Record extracts:
┄┄┄┄┄┄┄┄┄┄

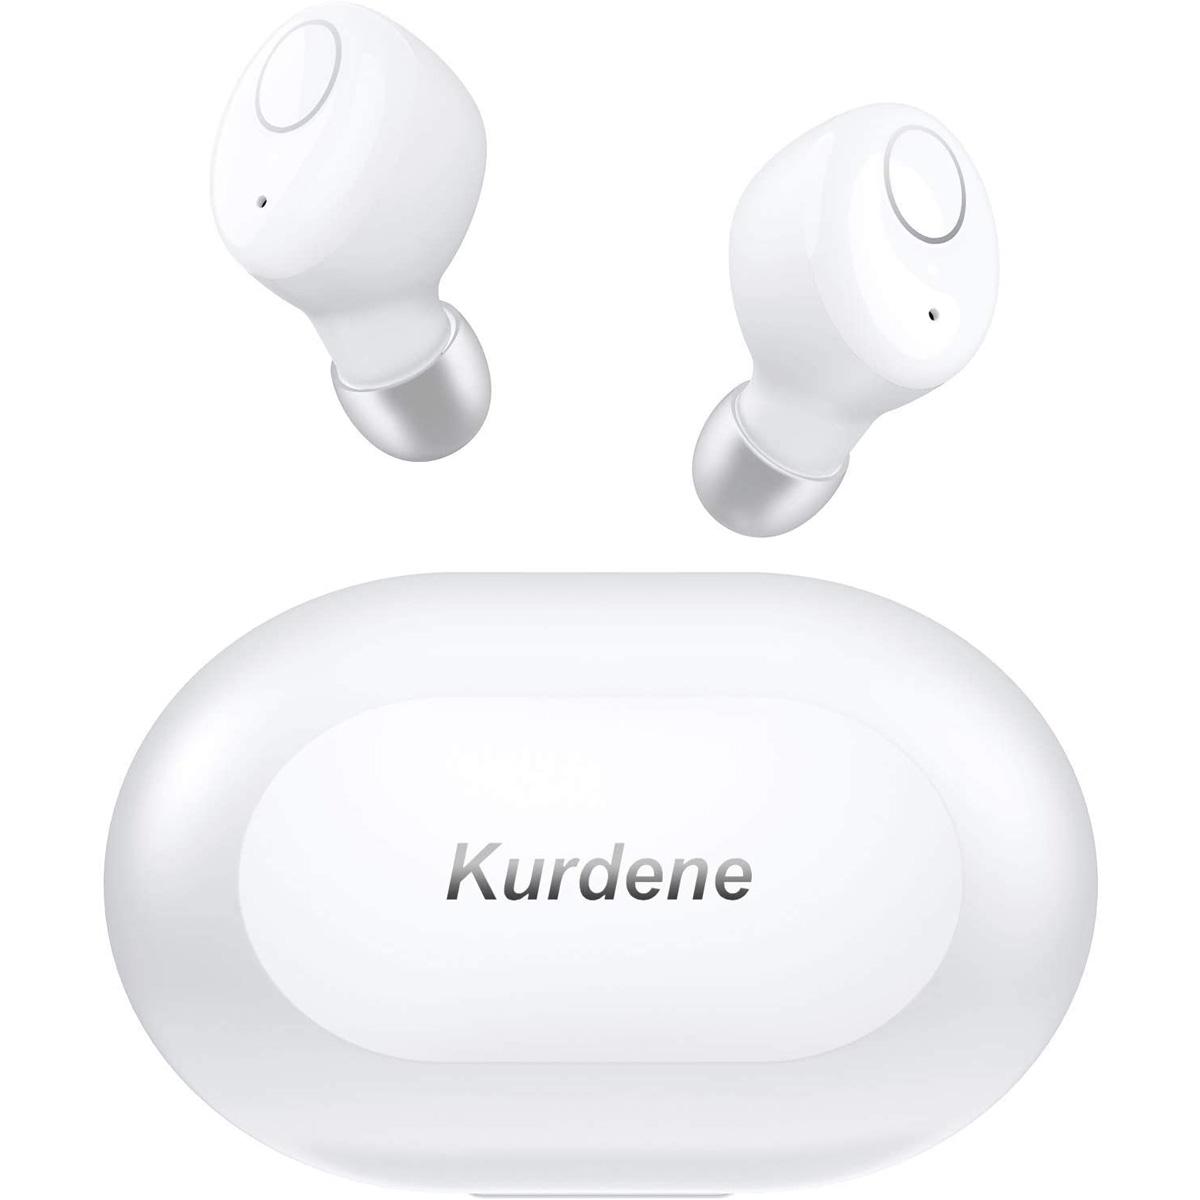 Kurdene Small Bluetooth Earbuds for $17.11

┄┄┄┄┄┄┄┄┄┄

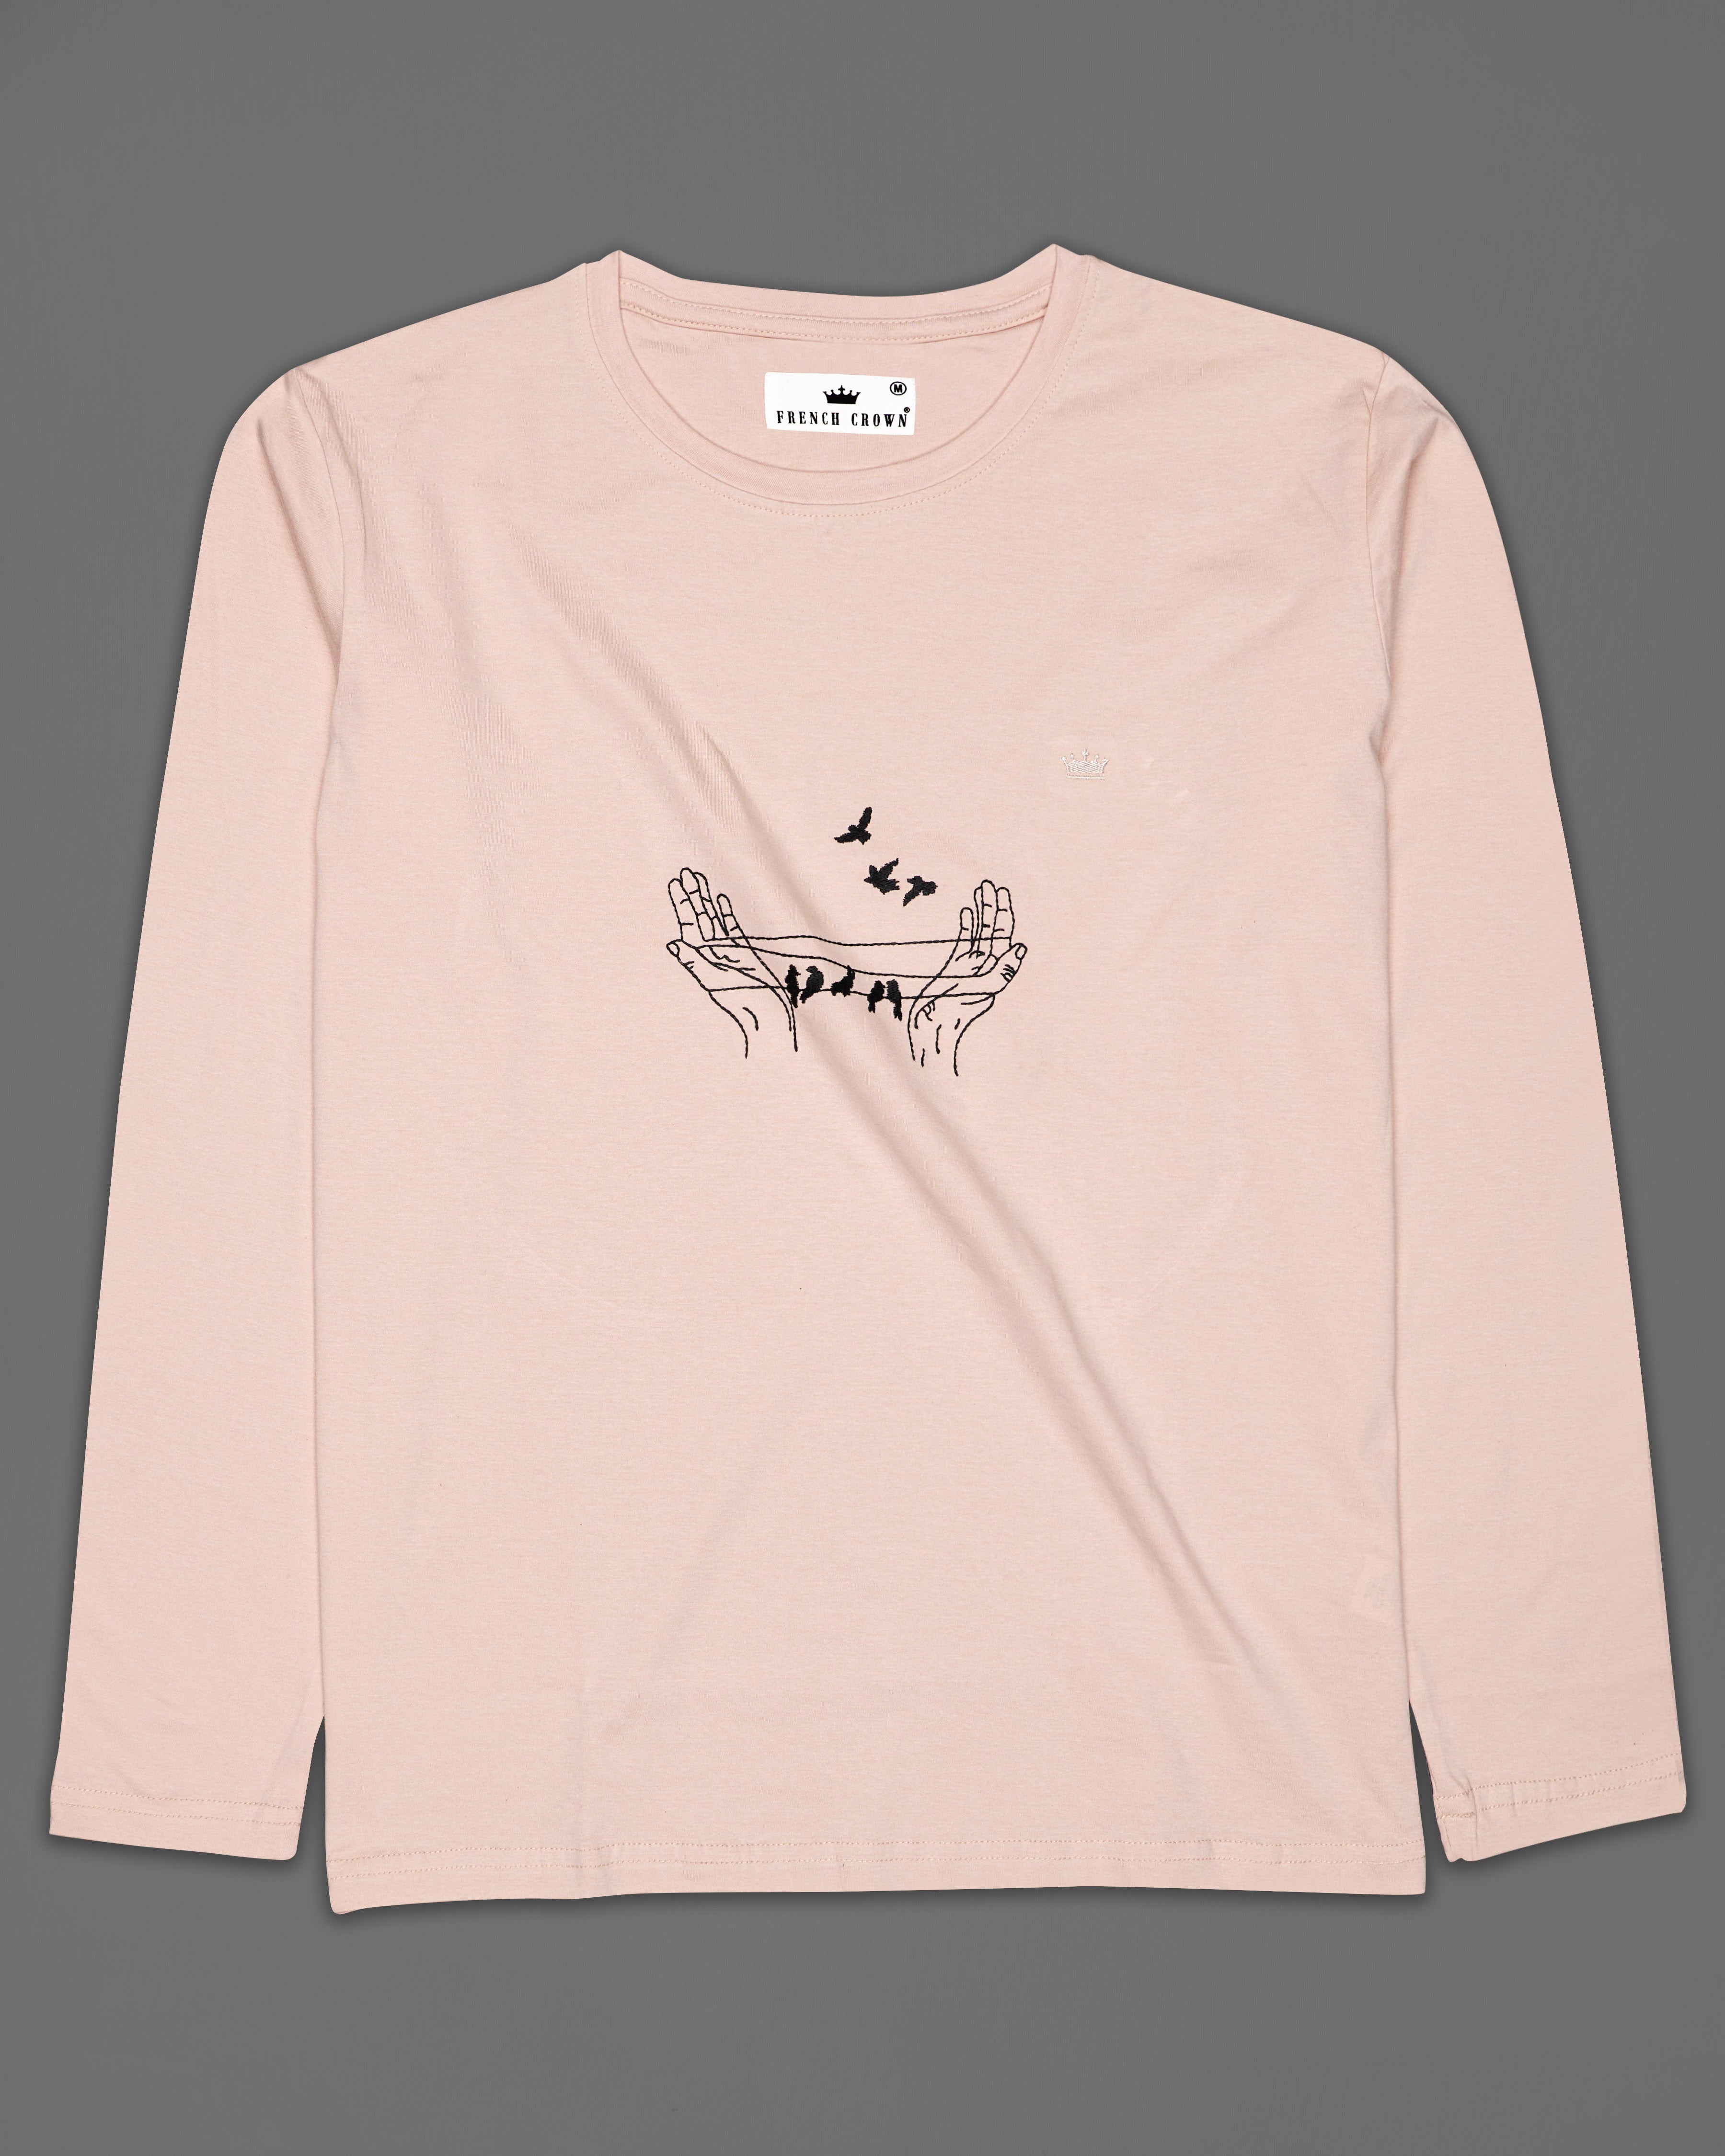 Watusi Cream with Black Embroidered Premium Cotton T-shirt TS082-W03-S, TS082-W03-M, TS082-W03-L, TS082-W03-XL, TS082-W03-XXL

┄┄┄┄┄┄┄┄┄┄

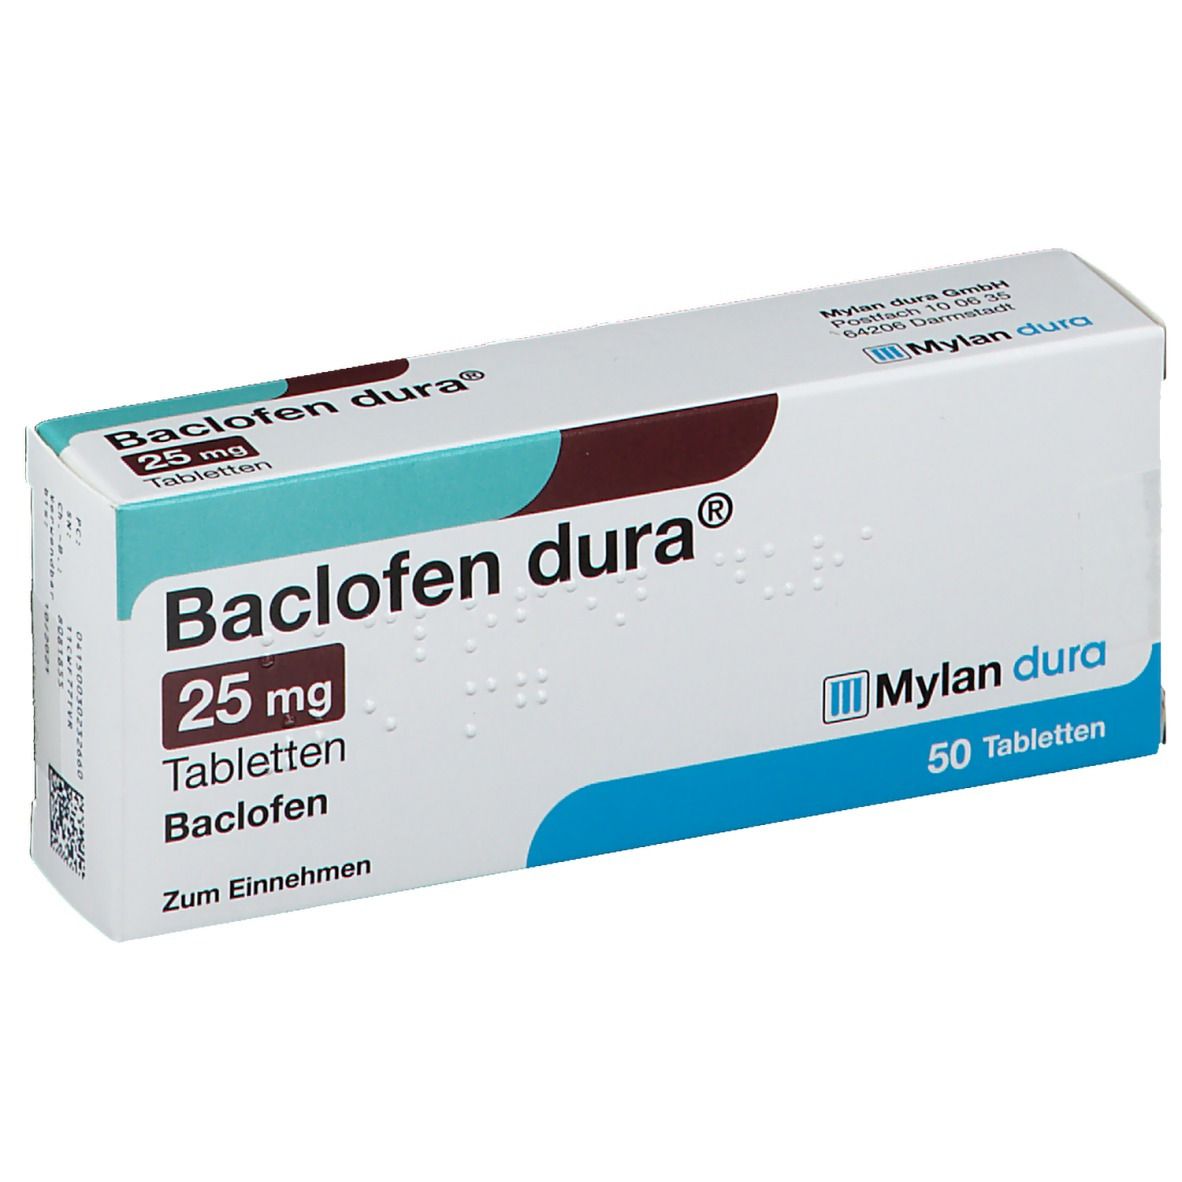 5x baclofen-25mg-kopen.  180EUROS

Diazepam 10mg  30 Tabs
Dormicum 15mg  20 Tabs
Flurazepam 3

┄┄┄┄┄┄┄┄┄┄

Scan the listing above. Collect all lines with the word "Tabs".

Diazepam 10mg  30 Tabs
Dormicum 15mg  20 Tabs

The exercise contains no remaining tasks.